#### Provided material
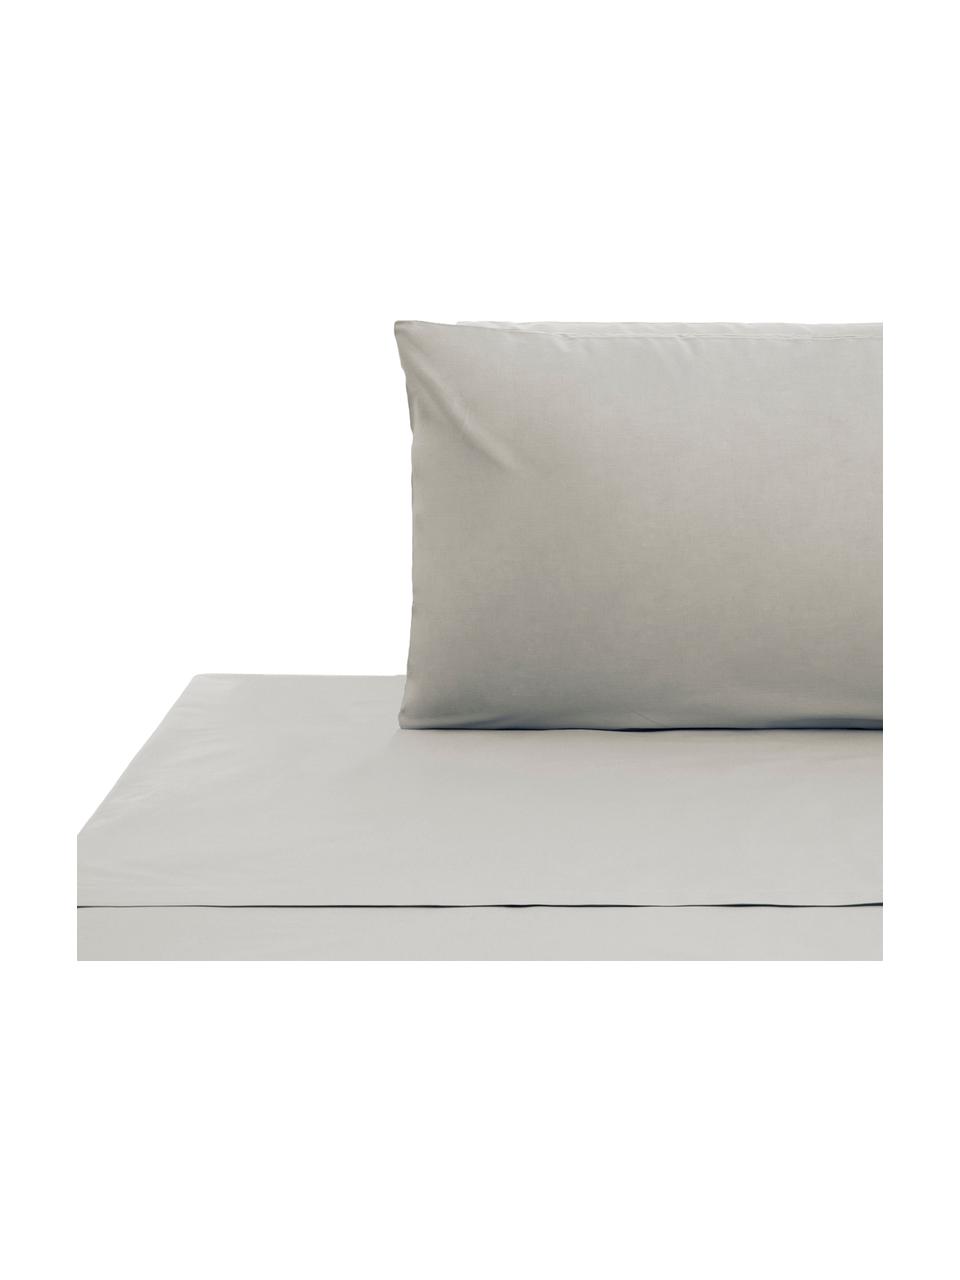 Set biancheria da letto con lenzuolo in cotone grigio chiaro Lenare, Fronte e retro: grigio chiaro, 150 x 290 cm + 1 federa 50 x 80 cm
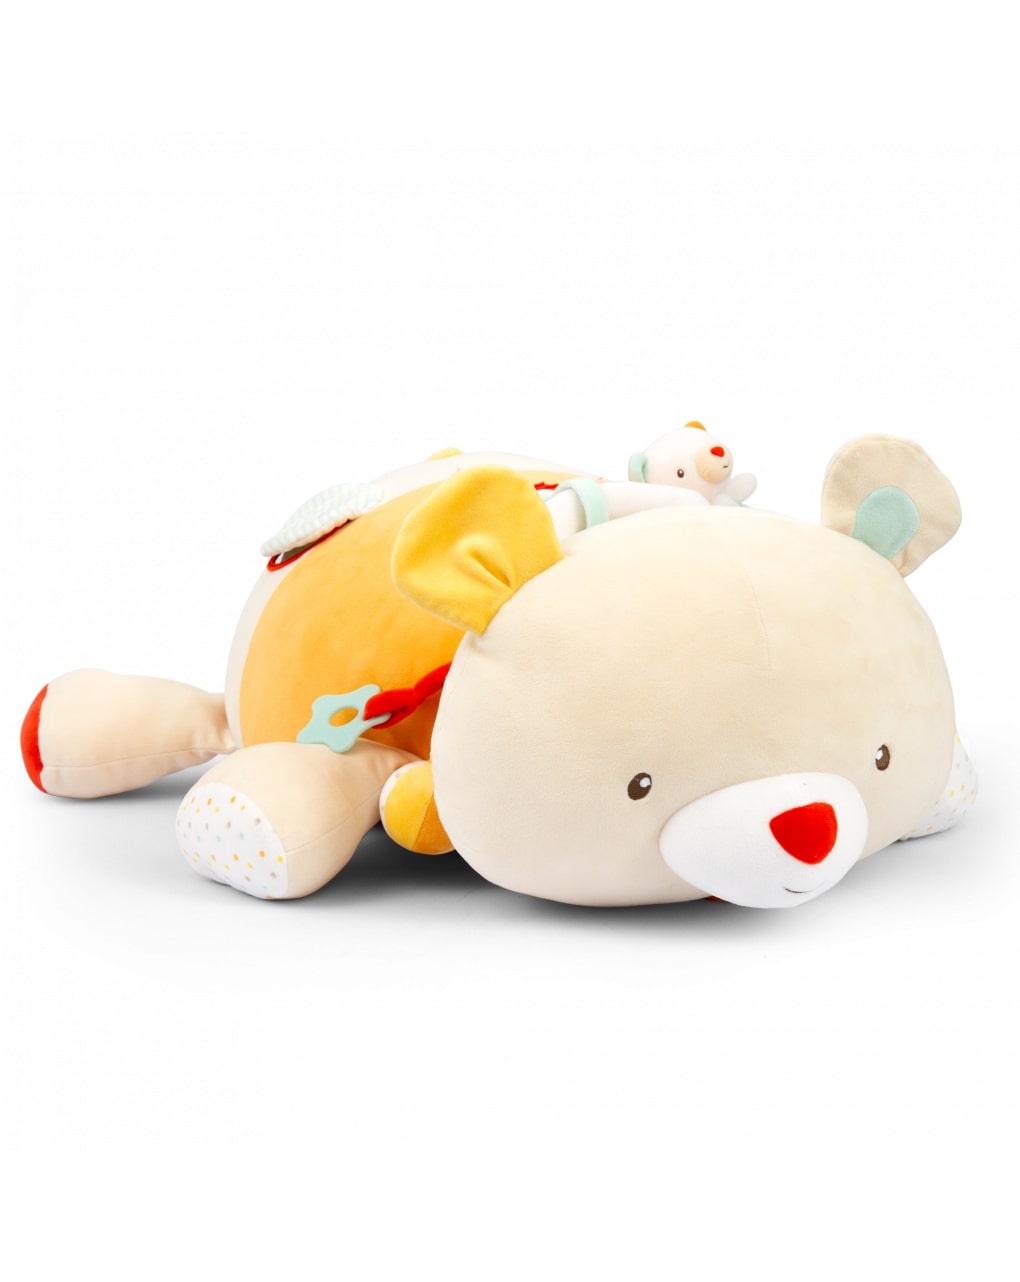 μαλακό παιχνίδι-λούτρινο maxi αρκουδάκι με δραστηριότητες unisex - Baby Smile
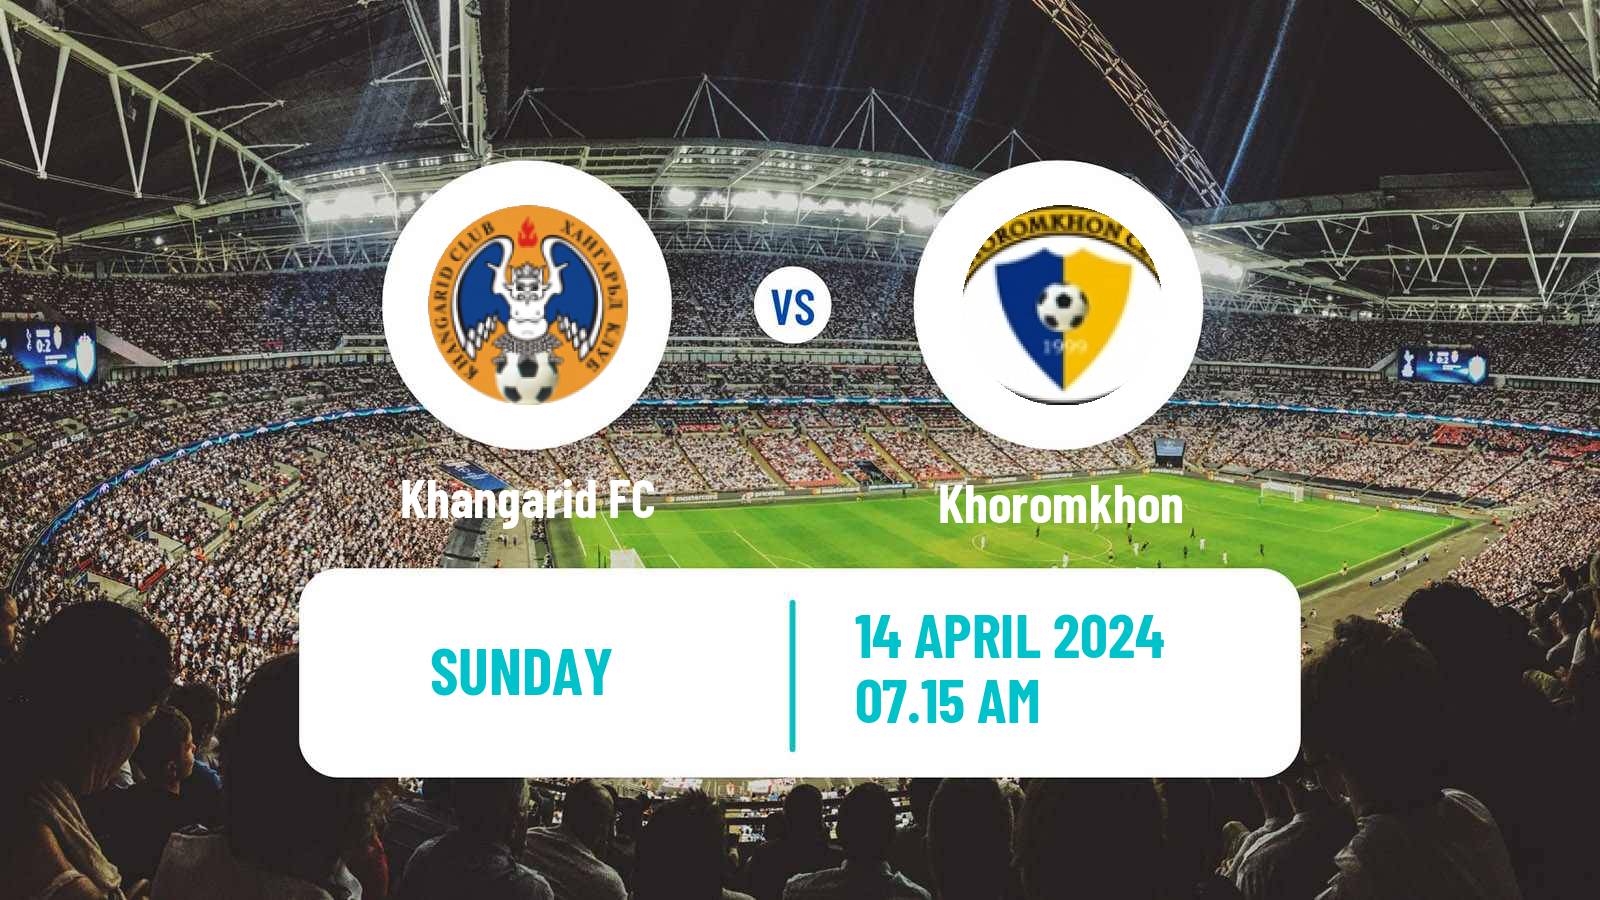 Soccer Mongolian Premier League Khangarid - Khoromkhon
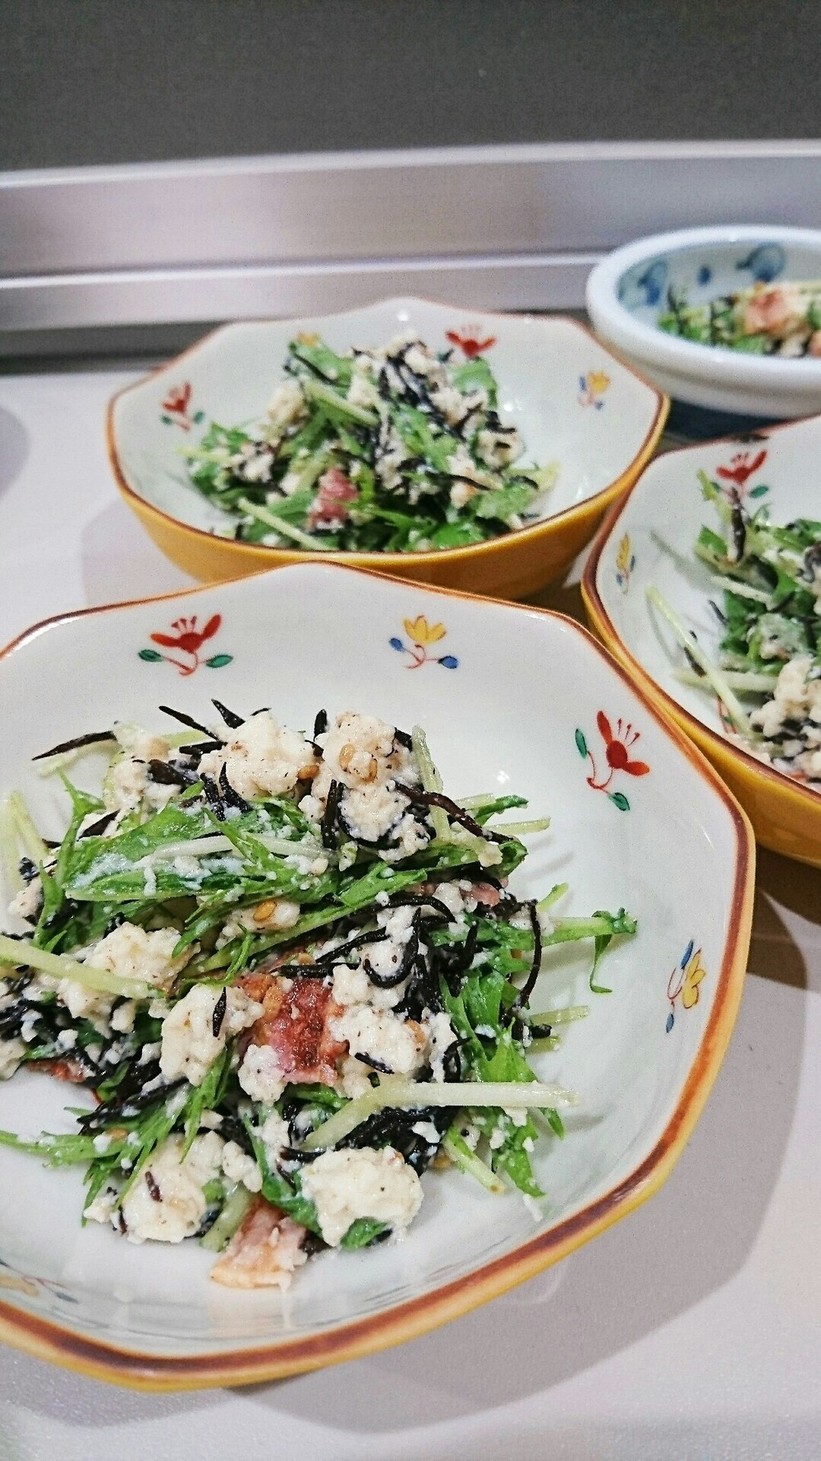 ひじきの白和えサラダ・ベーコン&水菜の画像

#### Instructions to follow
In your answer, copy exactly the lines running from the line with "Soccer Mongolian Premier" to the end of the material above, both included, and omit all pictures.

#### Solution to the problem
 Soccer Mongolian Premier League Khangarid - Khoromkhon
 ひじきの白和えサラダ・ベーコン&水菜の画像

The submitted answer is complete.